When people talk about accelerating language models, they usually mean NVIDIA. However, that's not the only option. The Qwen team decided to showcase the capabilities of AMD accelerators, and the results are quite impressive.
We are referring to the MI300X series – professional AMD GPUs designed for handling large models. Qwen took their third-generation models, including the multimodal Qwen3-VL, and pushed their performance on this hardware to a level where latency is no longer an issue, even for interactive tasks.
What Was Accelerated?
What Did They Speed Up?
Simply put, there are two primary scenarios for how a language model operates. The first is prefill, where the model processes your entire request before it begins generating a response. The second is decode, where it outputs tokens one by one.
Qwen's objective was to make both of these stages run as fast as possible on AMD hardware. To achieve this, they employed several techniques:
- Quantization – compressing the model's weights to 4 bits instead of the standard 16. This reduces the amount of data that needs to be moved in memory and accelerates computations.
- Continuous batching – a method for processing multiple requests simultaneously without waiting for previous ones to finish. This is crucial for server scenarios where requests are constantly arriving.
- Specialized kernels for the attention operation – a key component of transformer models. Here, they utilized FlashAttention-2 and optimized versions for AMD.
All of these optimizations made it possible to extract performance from the hardware that typically requires more expensive solutions.
Practical Implications of Optimization
What This Means in Practice
The team tested several configurations. For example, the Qwen2.5-Coder-32B-Instruct model with AWQ quantization (4-bit) on a single MI300X card outputs approximately 66 tokens per second when handling a single request. The per-token latency is about 15 milliseconds.
For comparison, this means the model can generate a 100-token response (roughly 75 words) in one and a half seconds. This is already a very comfortable speed for conversational interfaces.
If you increase the number of concurrent requests, the throughput also increases. On two MI300X cards, the model can process up to 32 requests in parallel with a total speed of about 1,000 tokens per second. This demonstrates server-scale performance.
Performance of Multimodal Models
What About Multimodal Models?
Qwen3-VL deserves special mention – it's a version of the model that works not only with text but also with images. Here, the task is more complex: the image must first be converted into a set of tokens, then processed along with the text, and finally, a response – or a new image – must be generated.
On an MI300X, the Qwen3-VL-7B model with 4-bit quantization can generate a 1024×1024 pixel image in about 0.4 seconds. This is noticeably faster than most diffusion models, which are typically used for image generation.
The latency when working with both text and images simultaneously is about 18 milliseconds per token. In other words, it's almost as fast as the text-only models.
Significance of These Advancements
Why This Matters
First, it demonstrates that the AMD MI300X is a perfectly viable option for large model inference. Previously, such tasks were almost exclusively handled by NVIDIA, and there were few alternatives.

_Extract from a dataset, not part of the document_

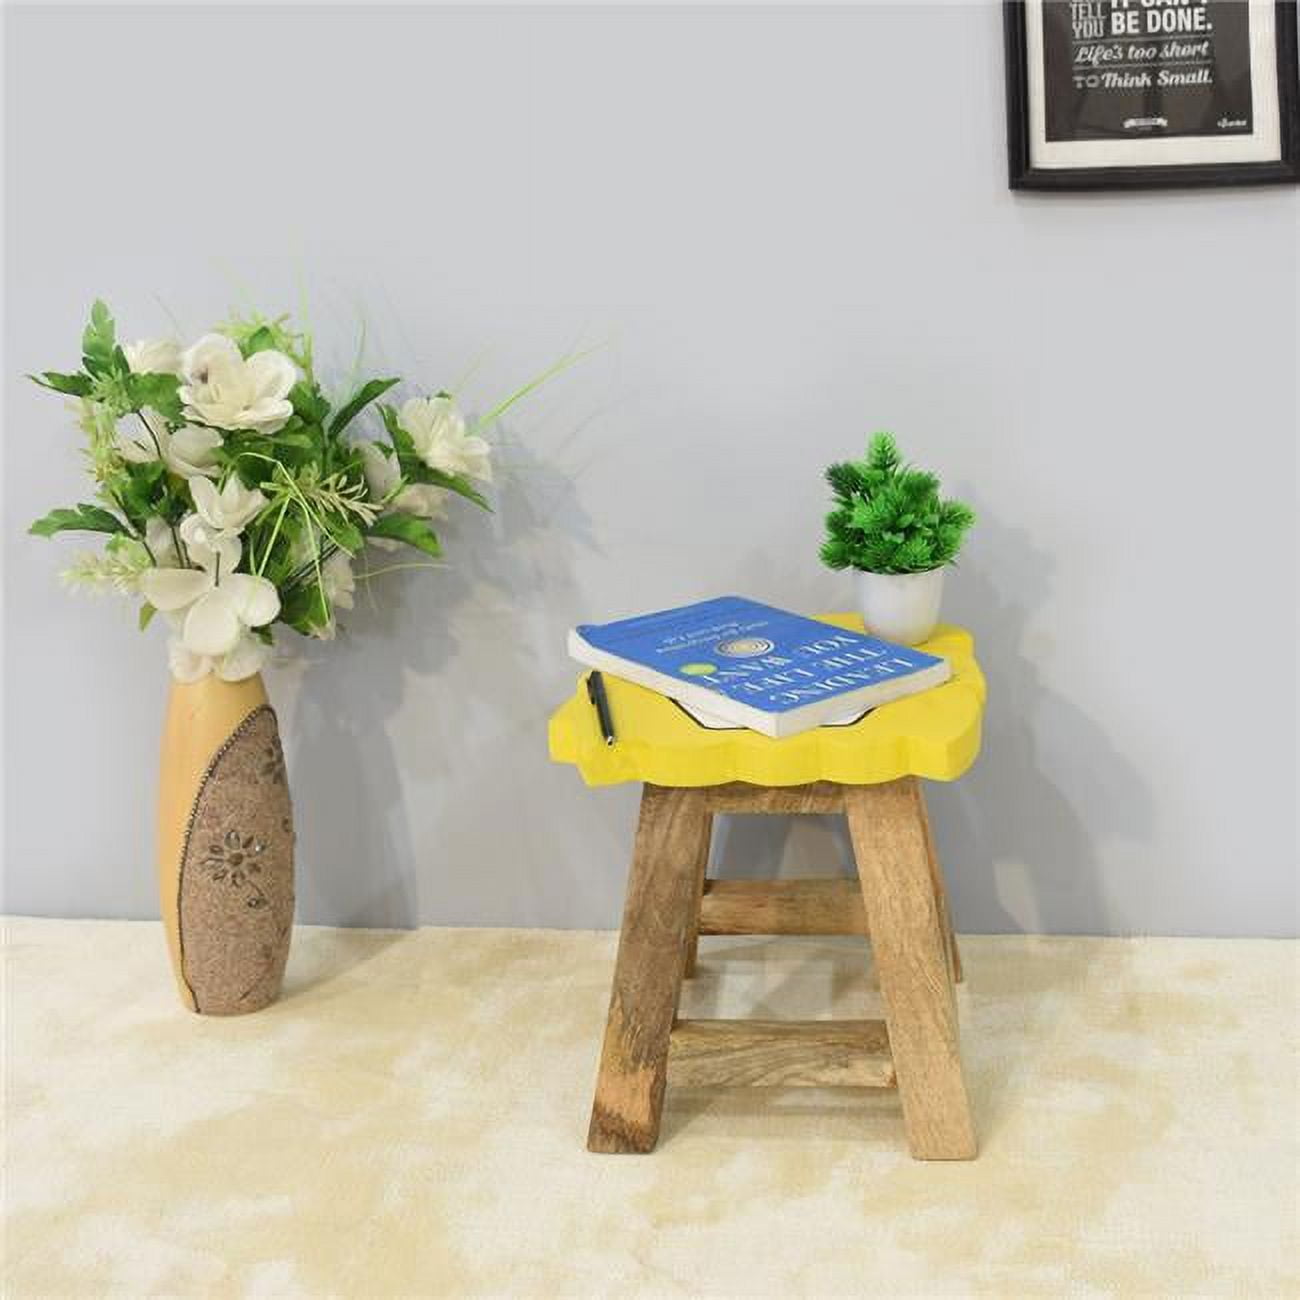 Picture of BBH Homes UBBBRSST0002SC5HS 28 x 30 x 28 cm Handmade 100 Percent Mango Wood Lion Shaped Seat Indoor Kids Stool, Yellow

Second, Qwen's results confirm that quantization and proper optimization make it possible to run models with 30+ billion parameters on a single card – and to do so quickly. This lowers infrastructure requirements and makes model deployment more affordable.
Third, the image generation speed of Qwen3-VL opens up possibilities for interactive applications: editors, assistants, and interfaces where the user expects an instant response.
Important Details and Considerations
The Fine Print
Of course, there are nuances. 4-bit quantization always entails a slight loss in quality – the model becomes a little less accurate. In most cases, this is unnoticeable, but for tasks requiring high precision, it can make a difference.
It's also worth noting that these results were achieved under optimal conditions: using specially configured software, with up-to-date library versions, and taking into account the specifics of AMD's architecture. Real-world scenarios may introduce additional complexities – for example, when integrating with existing systems or working with other models.
Finally, the MI300X is still professional-grade hardware, and its cost is comparable to top-tier NVIDIA solutions. This means it is not a budget alternative but rather another option for those building serious infrastructure.
Summary of Qwen and AMD MI300X Results
The Bottom Line
The Qwen team has demonstrated that their third-generation models can run on the AMD MI300X with latencies suitable for interactive applications. Text generation is around 15 ms per token, while image generation takes as little as 0.4 seconds for a 1024×1024 picture.
This is the result of a combination of quantization, optimized kernels, and proper memory management. And it's another sign that the market for AI accelerators is becoming increasingly diverse.